Shared utilities live in design/src/daemon-state.ts: atomic state-file
write/read (mode 0o600), fs.openSync('wx') lock, isProcessAlive, cmdline
identity verification (/proc on Linux, ps on macOS), CMDLINE_MARKER
constant. Modeled on browse/src/cli.ts lock + spawn patterns.

design/test/daemon.test.ts: 30 tests, all green. Covers every endpoint,
both error paths and happy paths, cross-board feedback isolation, the
trailing-slash redirect, the directory-not-file reload rejection, LRU
preferring done over non-done, /shutdown refusal with active boards,
all path-traversal guards. Uses the exported fetchHandler in-process
(no spawn) so the suite runs in ~70ms.

design/test/daemon-tests-fixtures.ts: shared helpers — req() builder,
tmp-dir helpers, daemon reset, and a spawnDaemonForTest() helper used
by the next commit's discovery tests.

Co-Authored-By: Claude Opus 4.7 (1M context) <noreply@anthropic.com>

* feat(design): daemon-client with lock + identity-verified spawn

design/src/daemon-client.ts implements the CLI side of the daemon lifecycle:
ensureDaemon() (the spawn-or-attach decision), publishBoard(), and the
$D daemon stop|status helpers.

Modeled on browse/src/cli.ts:317-415 — same health-check-first attach,
same fs.openSync('wx') lock, same re-read-state-INSIDE-the-lock guard
against two CLIs both deciding "no daemon, spawn." Two design-specific
safety properties added beyond browse:

1. verifyIdentity before any SIGTERM/SIGKILL. Reads the running process's
   cmdline (/proc/PID/cmdline on Linux, `ps -p PID -o command=` on macOS)
   and only signals if it contains CMDLINE_MARKER ("gstack-design-daemon",
   passed as argv at spawn time). Prevents a stale state file from
   causing us to kill an unrelated process that inherited the PID.
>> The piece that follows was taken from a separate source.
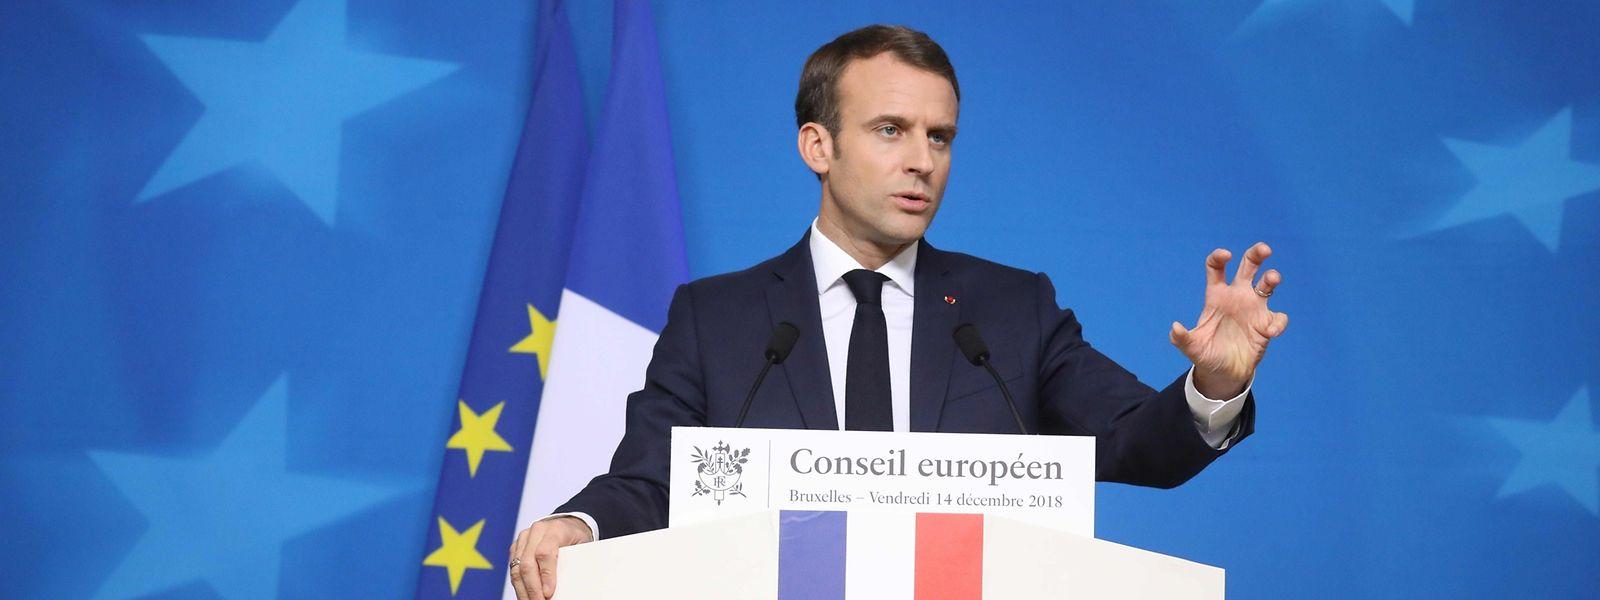 Emmanuel Macron kommt seinem Ziel eine eigenen Euroraum-Budget nur langsam näher.

2. Refuse-kill-with-active-boards on version mismatch. Browse silently
   restarts; here in-memory board history would vanish, so the client
   prints a user-actionable WARNING and exit 1 instead. Users explicitly
   `$D daemon stop` to override.

Spawn uses Node child_process.spawn (NOT Bun.spawn().unref) because of
the macOS session-detach quirks browse already discovered. Stdio is
redirected to ~/.gstack/design-daemon-startup.log, which the client
tails into stderr if waitForHealthOrError times out — no more silent
"daemon failed for some unknowable reason."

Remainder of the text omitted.